New instance is always in "spawning" status

Bug #1880828 reported by Taihsiang Ho
8
This bug affects 1 person
Affects Status Importance Assigned to Milestone
OpenStack Bundles
Invalid
Undecided
Unassigned
OpenStack Compute (nova)
Triaged
Wishlist
Unassigned
OpenStack Nova Compute Charm
Invalid
Undecided
Unassigned

Bug Description

bundle: openstack-base-bionic-train https://github.com/openstack-charmers/openstack-bundles/blob/master/development/openstack-base-bionic-train/bundle.yaml
hardware: 2 d05 and 2 d06 (the log of the compute node is from one of the d06. Please note they are arm64 arch.)

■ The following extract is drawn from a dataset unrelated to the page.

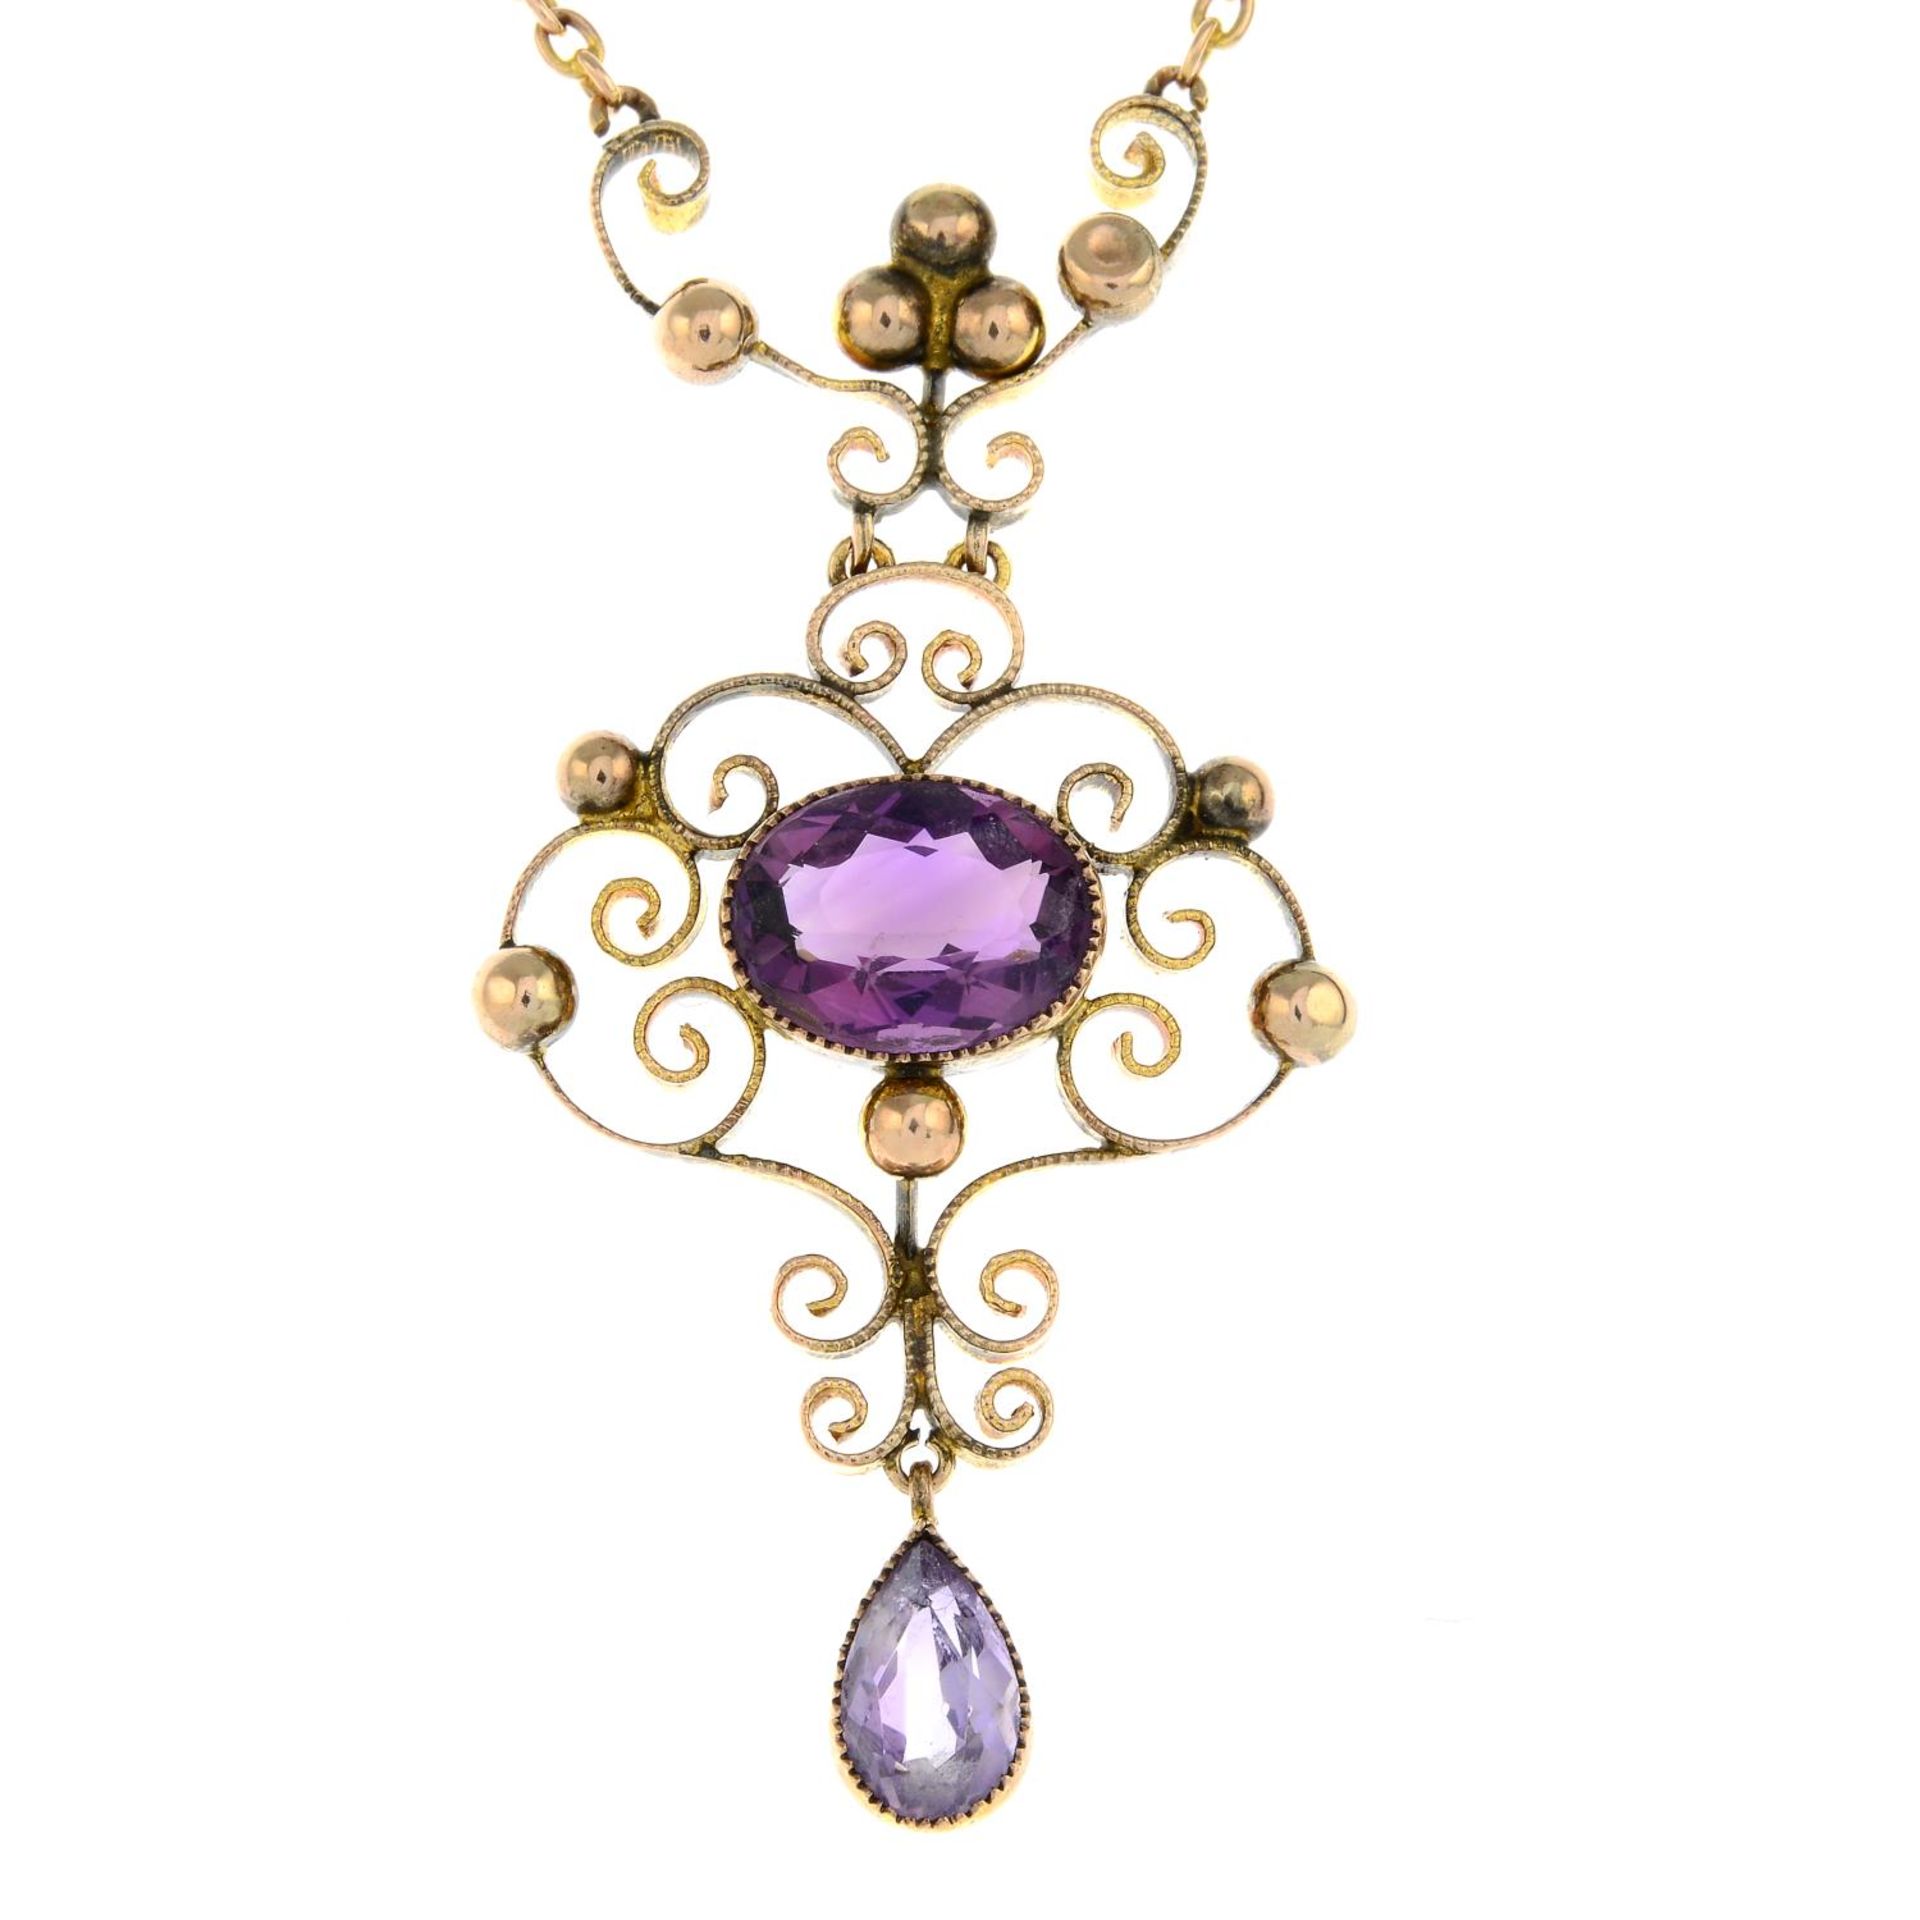 An early 20th century gold amethyst pendant, on an integral chain.Length of pendant drop 4.5cms.

When trying to create new instances on the deployed openstack, the instance is always in the status of "spawning"

[Steps to Reproduce]
1. Deploy with the above bundle and hardware by following the instruction of https://jaas.ai/openstack-base/bundle/67
2. Wait about 1.5 until the deployment is ready. By ready it means every unit shows its message as "ready" e.g. https://paste.ubuntu.com/p/k48YVnPyVZ/
3. Follow the instruction of https://jaas.ai/openstack-base/bundle/67 until the step of "openstack server create" to create new instance. This step is also summarized in details in this gist code snippet https://gist.github.com/tai271828/b0c00a611e703046dd52da12a66226b0#file-02-basic-test-just-deployed-sh

[Expected Behavior]
An instance is created a few seconds later

[Actual Behavior]
The status of the instance is always (> 20 minutes) "spawning"

[Additional Information]

1. [workaround] Use `ps aux | grep qemu-img` to check if a qemu-img image converting process exists or not. The process should complete within ~20 sec. If the process exists for more than 1 minutes, use `pkill -f qemu-img` to terminate the process and re-create instances again.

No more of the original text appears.